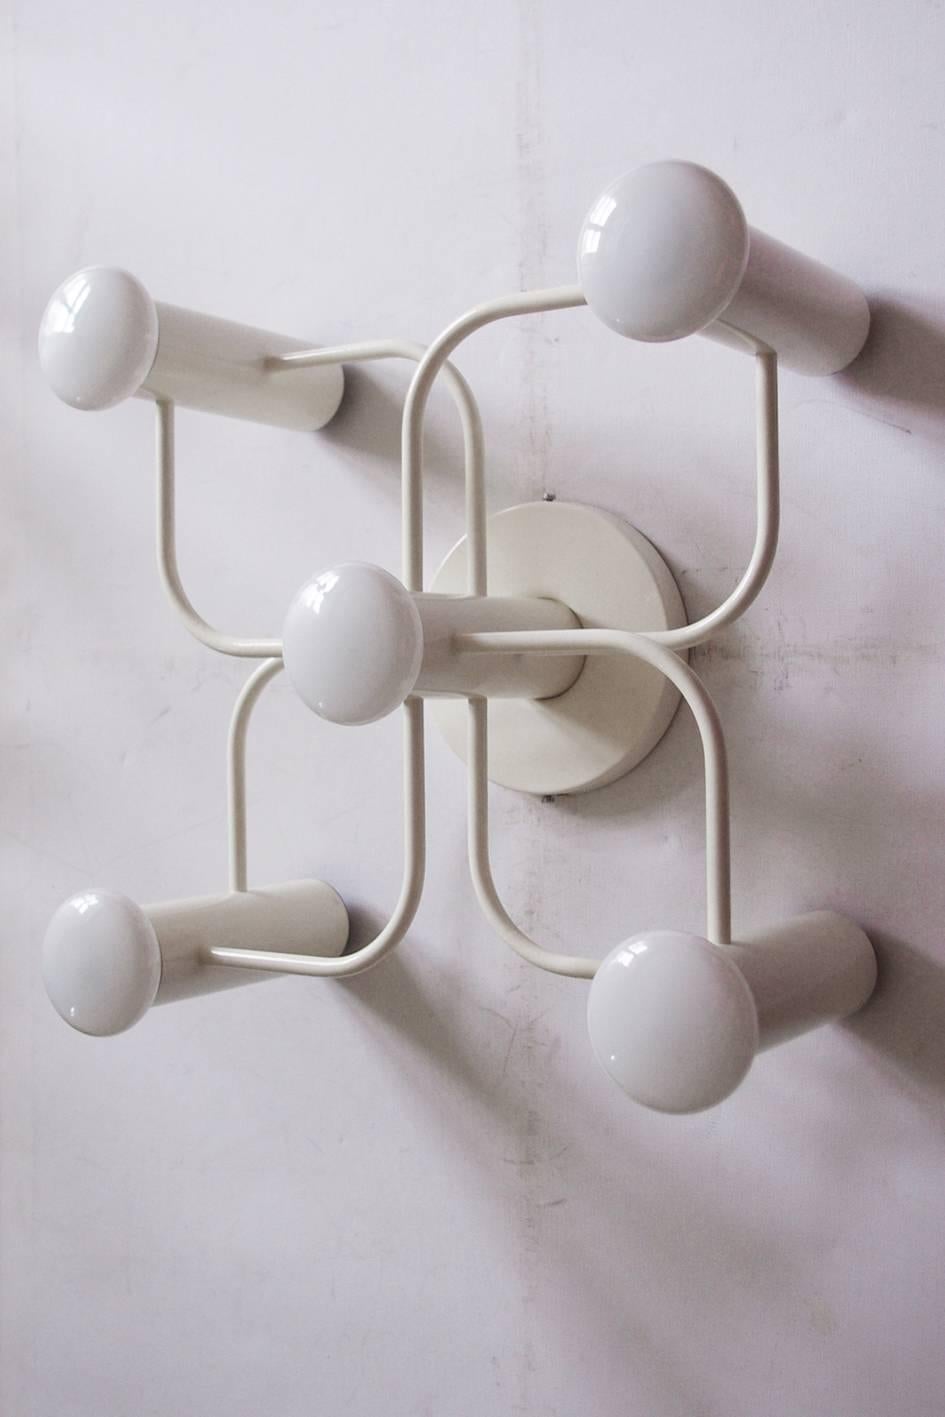 Beautiful sculptural Sciolari style ceiling or wall flush mount by Leola,
Germany, 1960s.
White lacquered version! 
Measures: Height 13.8 in, width 13.8 in, depth 7 in.
Other versions and models available (brushed brass, white lacquered, polished
++++++++++++++++++++
> [What to do]
Locate the line with "White lacquered version!" in the entries above; extract it and every line after it, verbatim.

> [Exercise output]
White lacquered version! 
Measures: Height 13.8 in, width 13.8 in, depth 7 in.
Other versions and models available (brushed brass, white lacquered, polished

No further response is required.